Remember: Don’t mix = and NULL
I was recently performing an analysis on the database for my dissertation software, and wanted to look at one particular set of rows. The table I was looking at is called Nodes, and because each node (represented by a row in the table) can optionally belong to a group, the group_id column allows for NULL values.
So, if I want to find all of the nodes in group 2, I can say
SELECT * FROM Nodes WHERE group_id = 2;
My data consists (of course) of several tables, including Versions, which has a many-to-one relationship with Nodes. If I want all of the versions for nodes in group 2, I can say:
SELECT COUNT(*) FROM Versions WHERE node_id in (SELECT id FROM Nodes WHERE group_id = 2);
Now, let’s say that I want to get all of the versions that are not from group 2. How would I do that? Well, one way would be:
SELECT COUNT(*) FROM Versions WHERE node_id NOT IN (SELECT id FROM Nodes WHERE group_id = 2);
But at some point, I flipped the logic, turning the NOT IN into IN, and = into <>:
SELECT COUNT(*) FROM Versions WHERE node_id IN (SELECT id FROM Nodes WHERE group_id <> 2);
That, of course, was a bug. That’s because SQL uses trinary (or ternary) logic, not the binary true-false logic to which we’re accustomed. The result of comparing anything with NULL results in a NULL. For example, consider the following table:
select * from truth_test ; +--------+ | val | +--------+ | t | | f | | [null] | +--------+
I can create a truth table pretty easily:
SELECT val, val = true as is_true, val=false as is_false, val=null as equal_null, val is null as is_null FROM truth_test; +--------+---------+----------+------------+---------+ | val | is_true | is_false | equal_null | is_null | +--------+---------+----------+------------+---------+ | t | t | f | [null] | f | | f | f | t | [null] | f | | [null] | [null] | [null] | [null] | t | +--------+---------+----------+------------+---------+
You can see, then, that TRUE is equal to TRUE, and FALSE is equal to FALSE, which we would expect. But using the = operator with NULL is always going to result in NULL — even with itself!
If you want to compare with NULLs, then you need to use IS NULL. (Or you can use a function such as COALESCE, which returns the first non-NULL value passed to it.) And that’s the mistake that I made in my queries yesterday: I was trying to get all of the nodes for which group_id was not 2. But by using =, I inadvertently excluded all of the rows for which group_id was NULL — in other words, all of the nodes that weren’t assigned to a group. Which, it turns out, was the majority of them. Whoops.

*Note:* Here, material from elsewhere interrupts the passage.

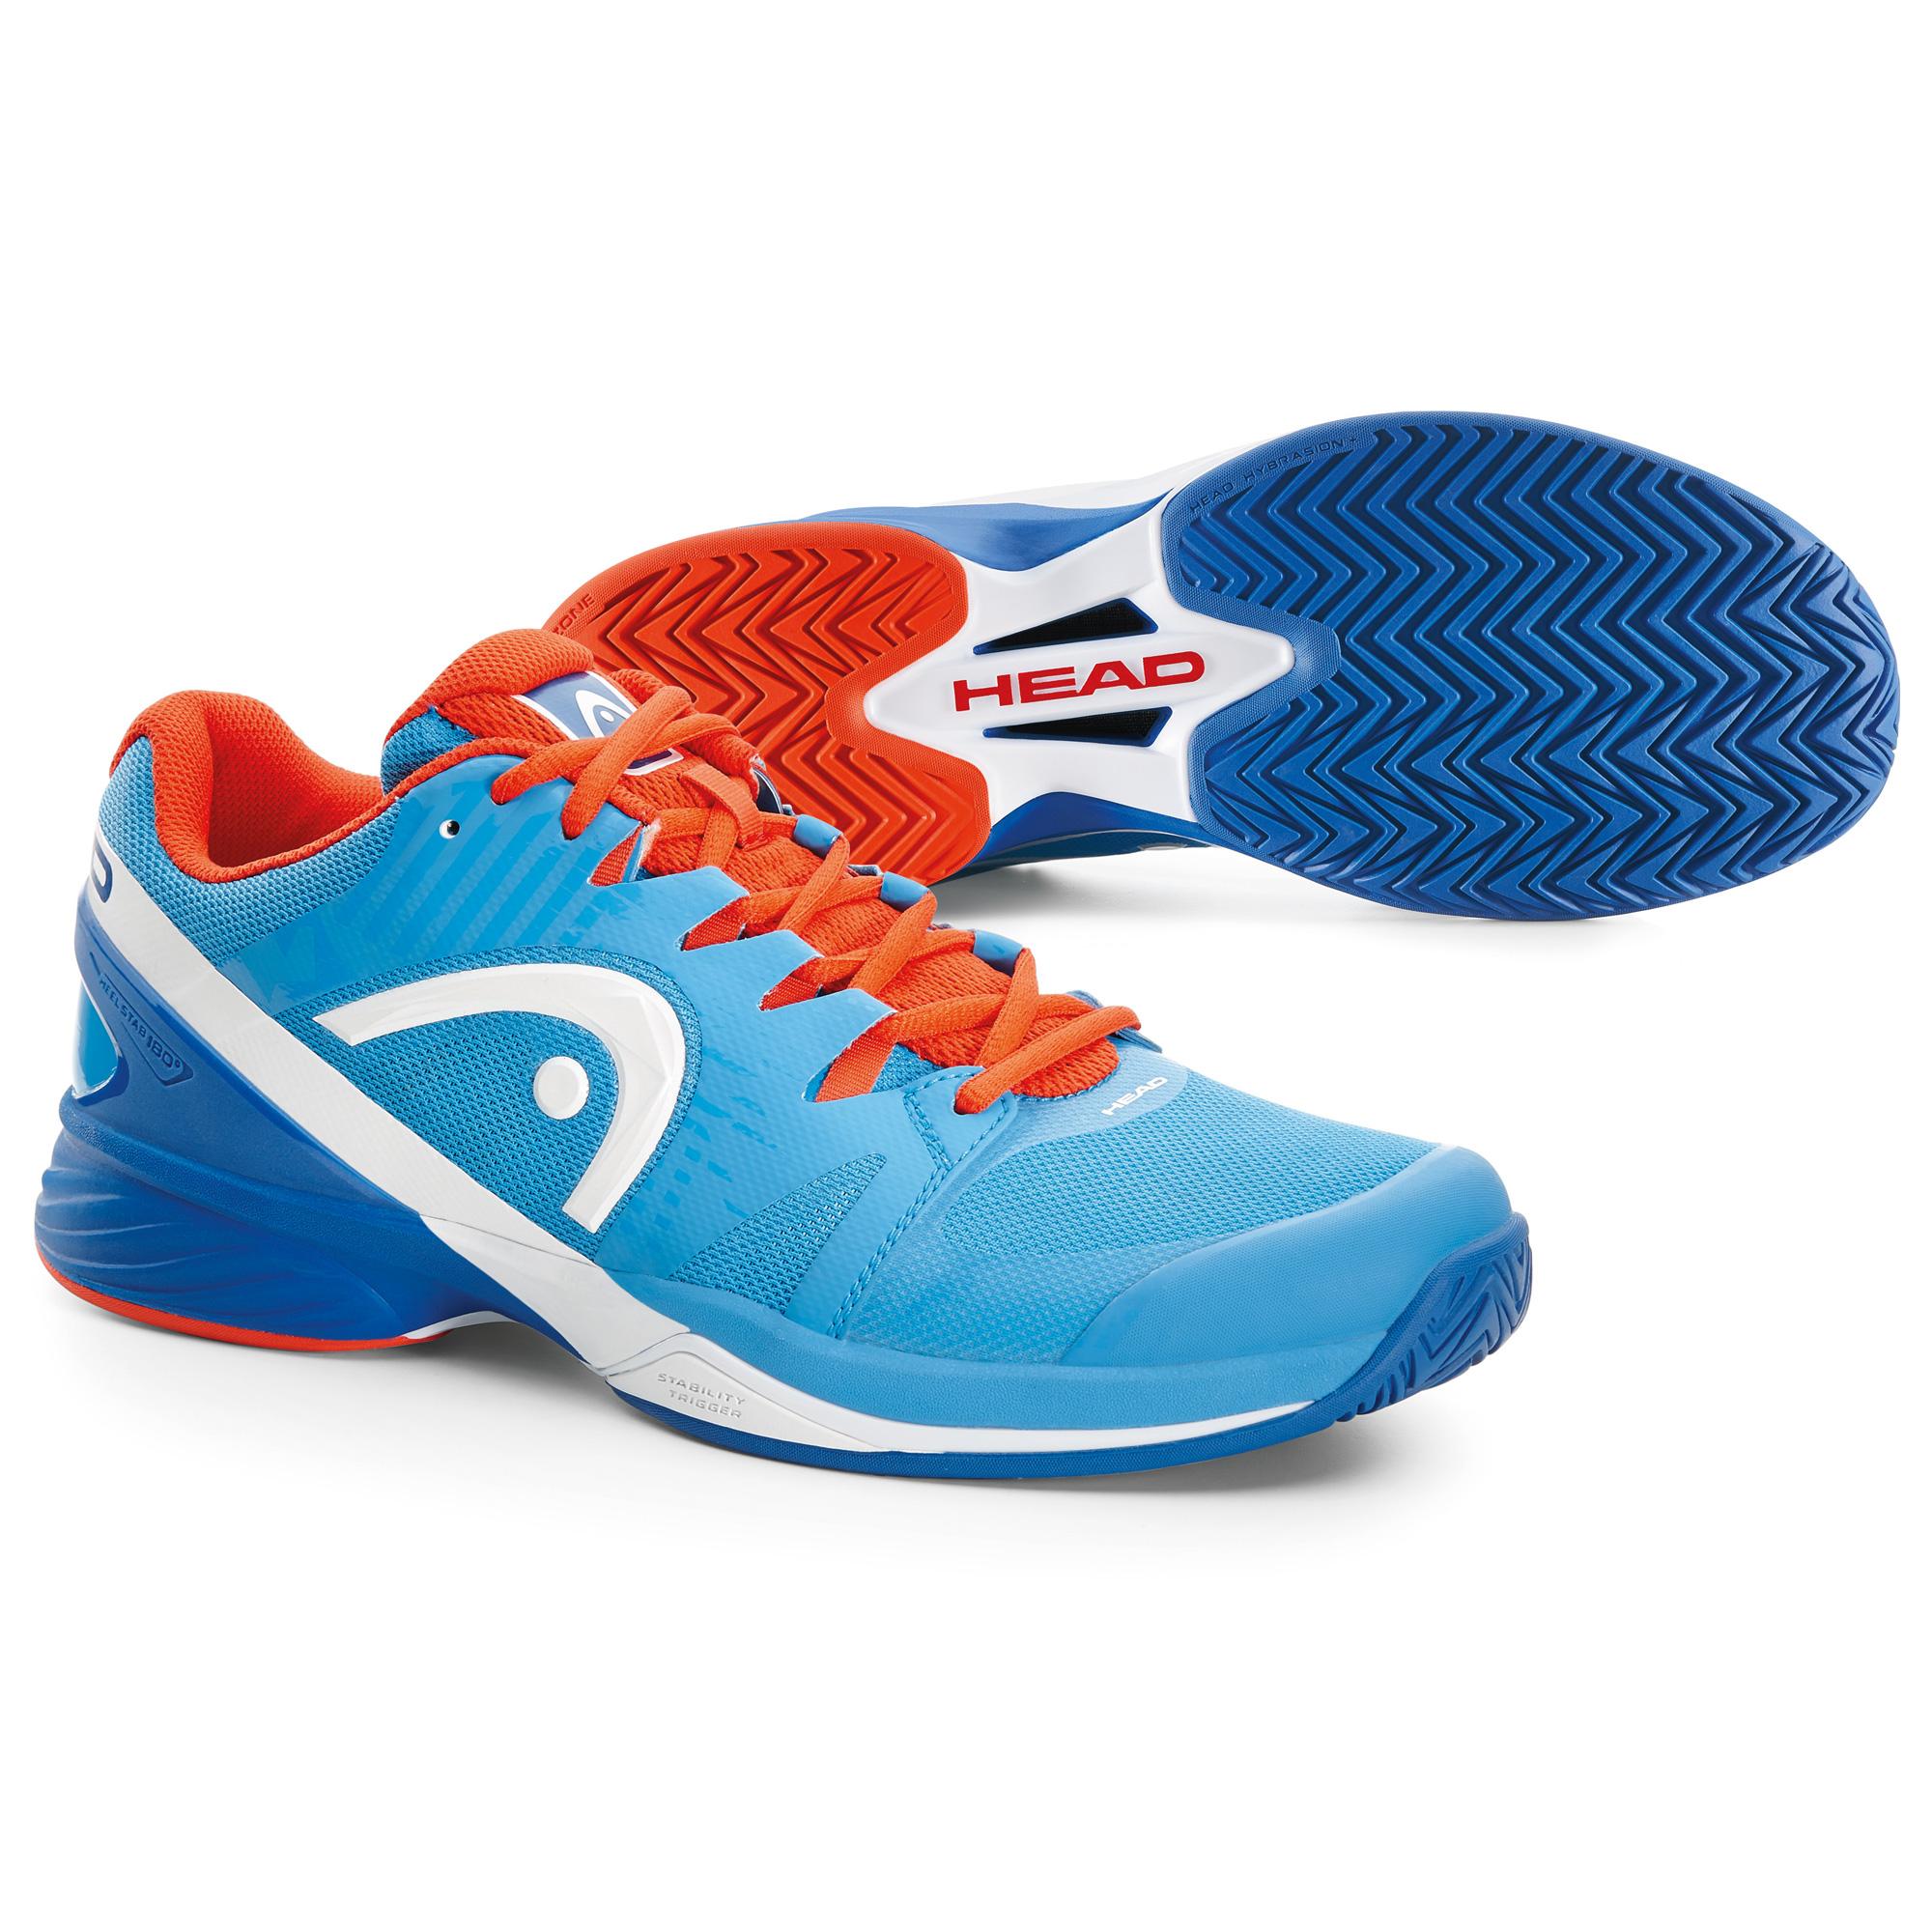 Good deals on mens tennis shoes

My solution was to create a view containing all of the IDs that I want to exclude:
CREATE OR REPLACE VIEW group2_model_ids AS SELECT nodes.id FROM nodes WHERE nodes.group_id = 2;
Now, if I want the number of versions that aren’t in group 2, I can use a subselect, as follows:
SELECT COUNT(*) FROM Versions WHERE node_id NOT IN (SELECT id FROM group2_model_ids);
Of course, I could have simply rewritten the query, either to use COALESCE or to check for both NULL and not-NULL values. But I prefer this way, especially since I’m only dealing with a few tens of thousands of rows of data in this table, in part because it gives me a name and abstraction that I can use in future queries.